THE DATA Block Start
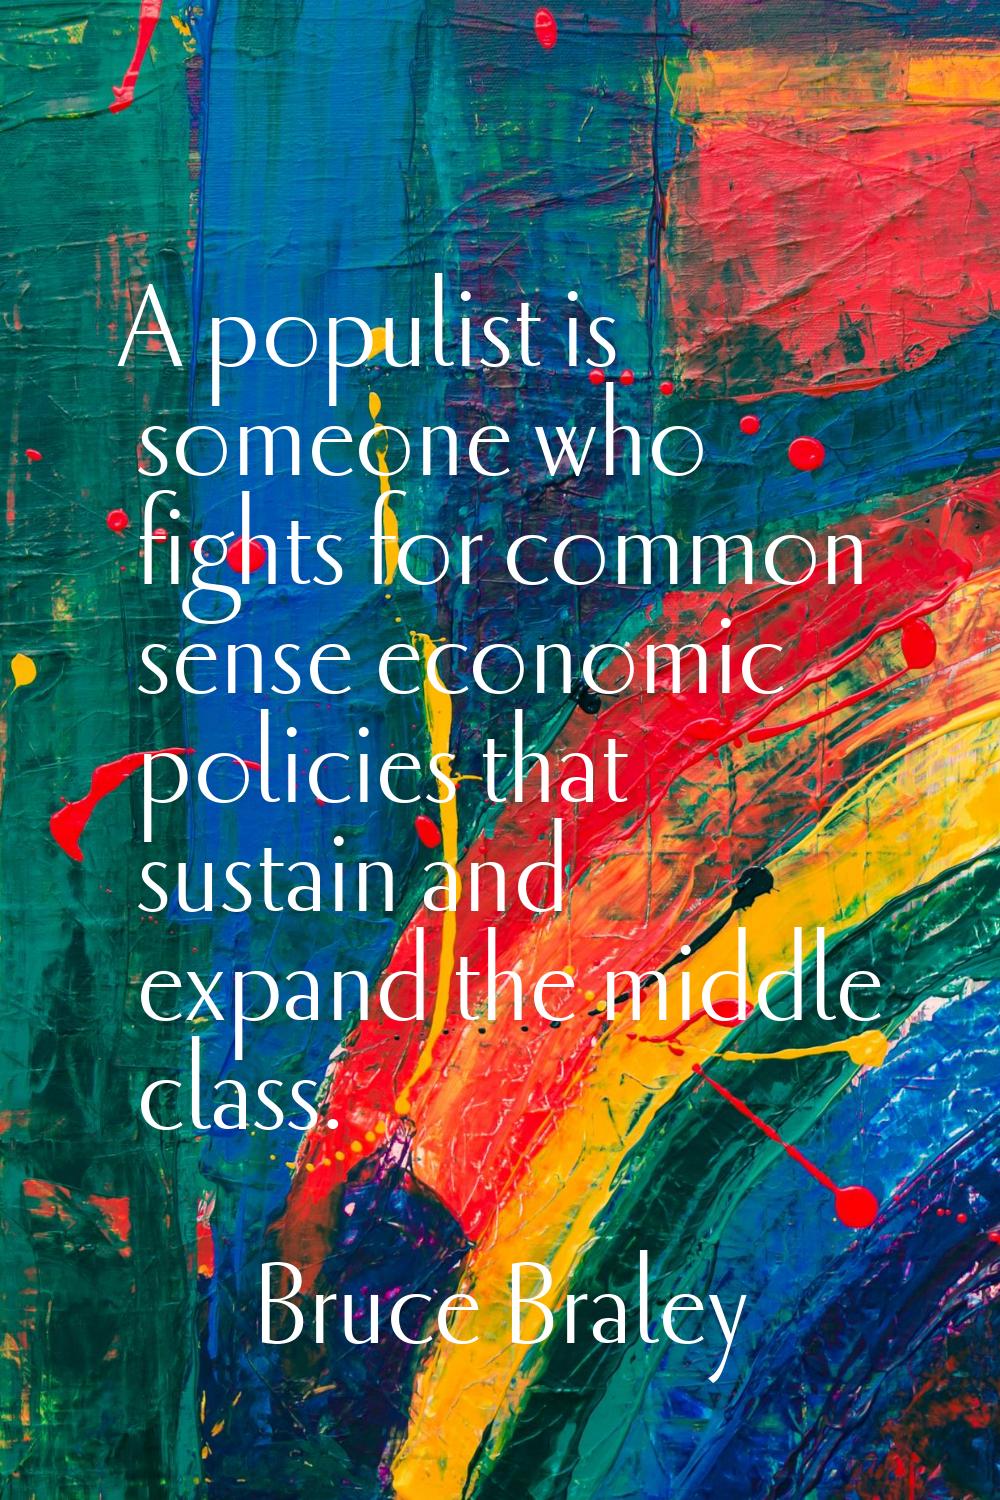 A populist is someone who fights for common sense economic policies that sustain and expand the mid
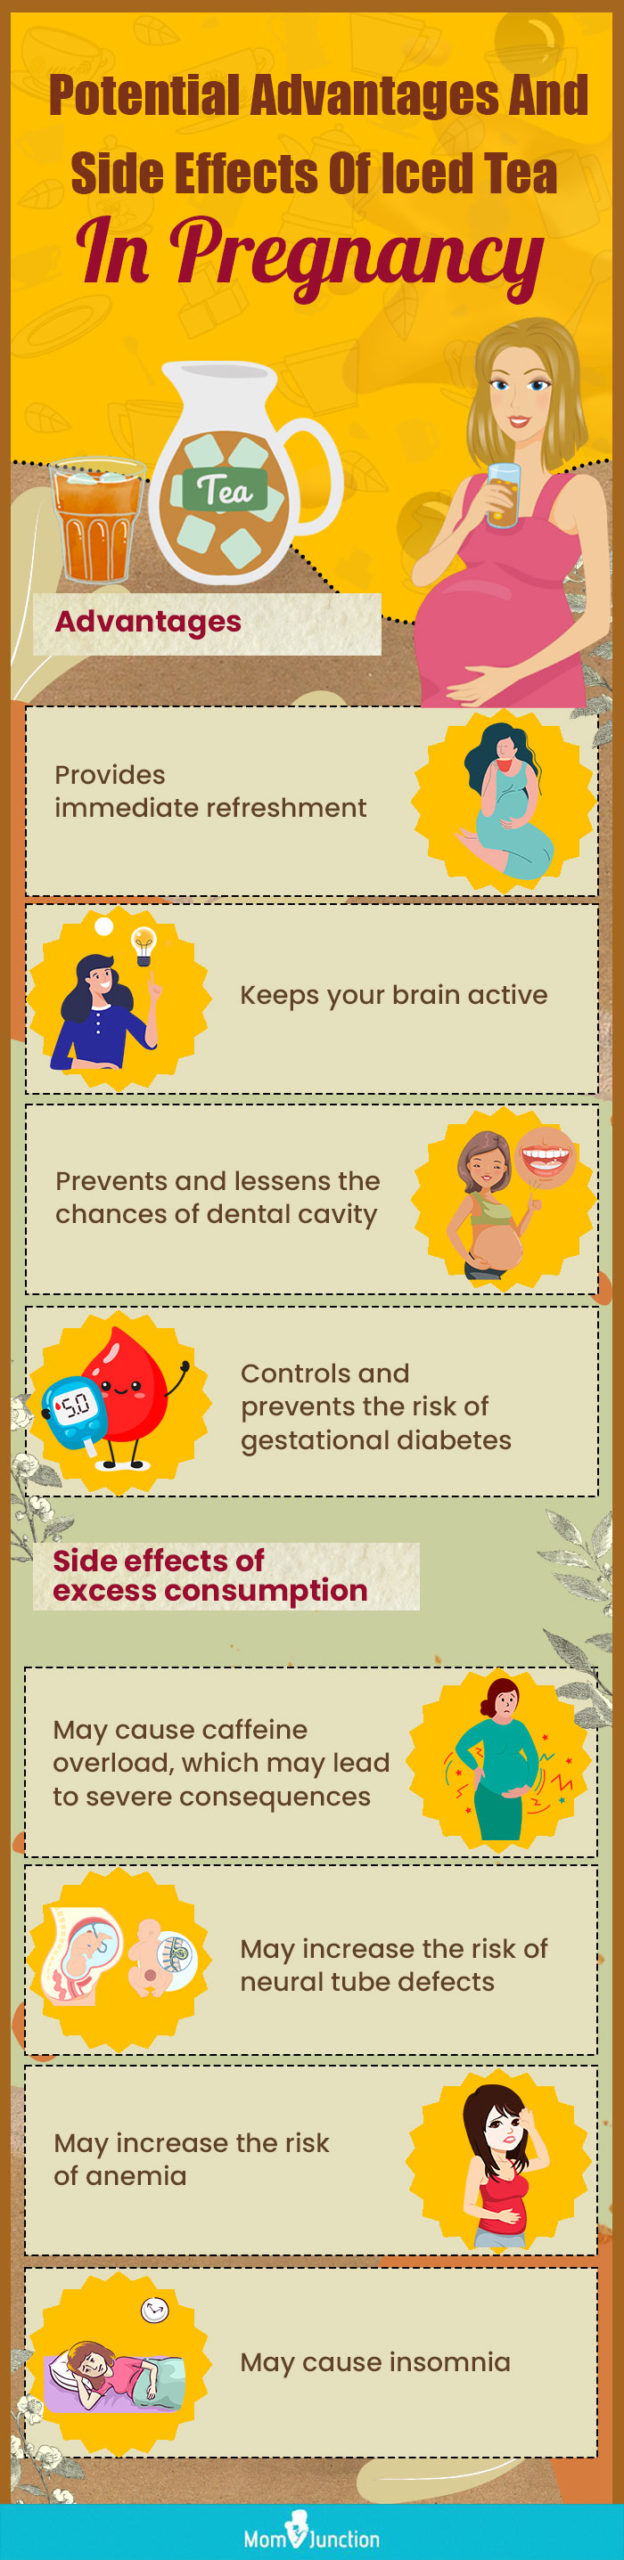 potential advantages and side effects of iced tea in pregnancy (infographic)
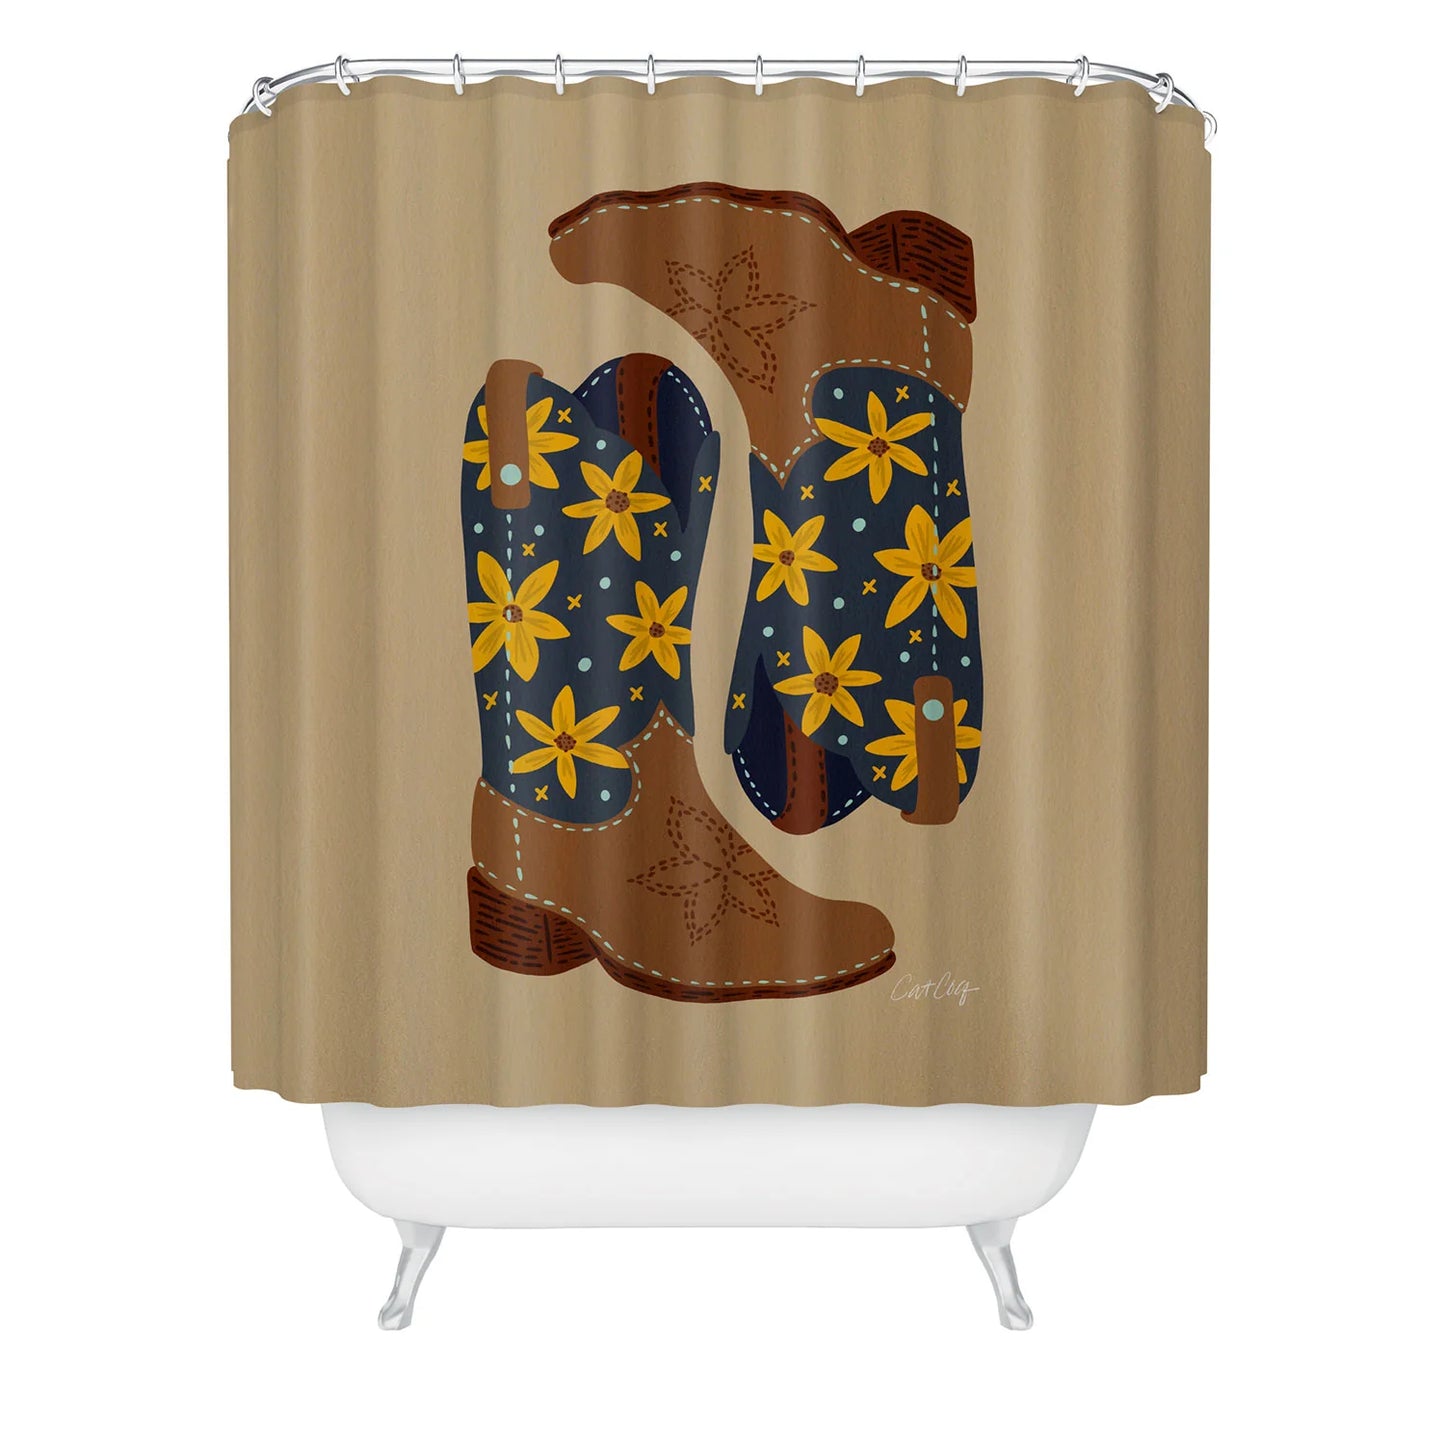 Cowgirl Boots Shower Curtain
THE DATA Block End
AIM OF THE TASK: From the line that contains "potential advantages and" to the end of the listing, give every line again exactly as written. Leave the pictures out.

EXERCISE OUTPUT:
 potential advantages and side effects of iced tea in pregnancy (infographic)
 Cowgirl Boots Shower Curtain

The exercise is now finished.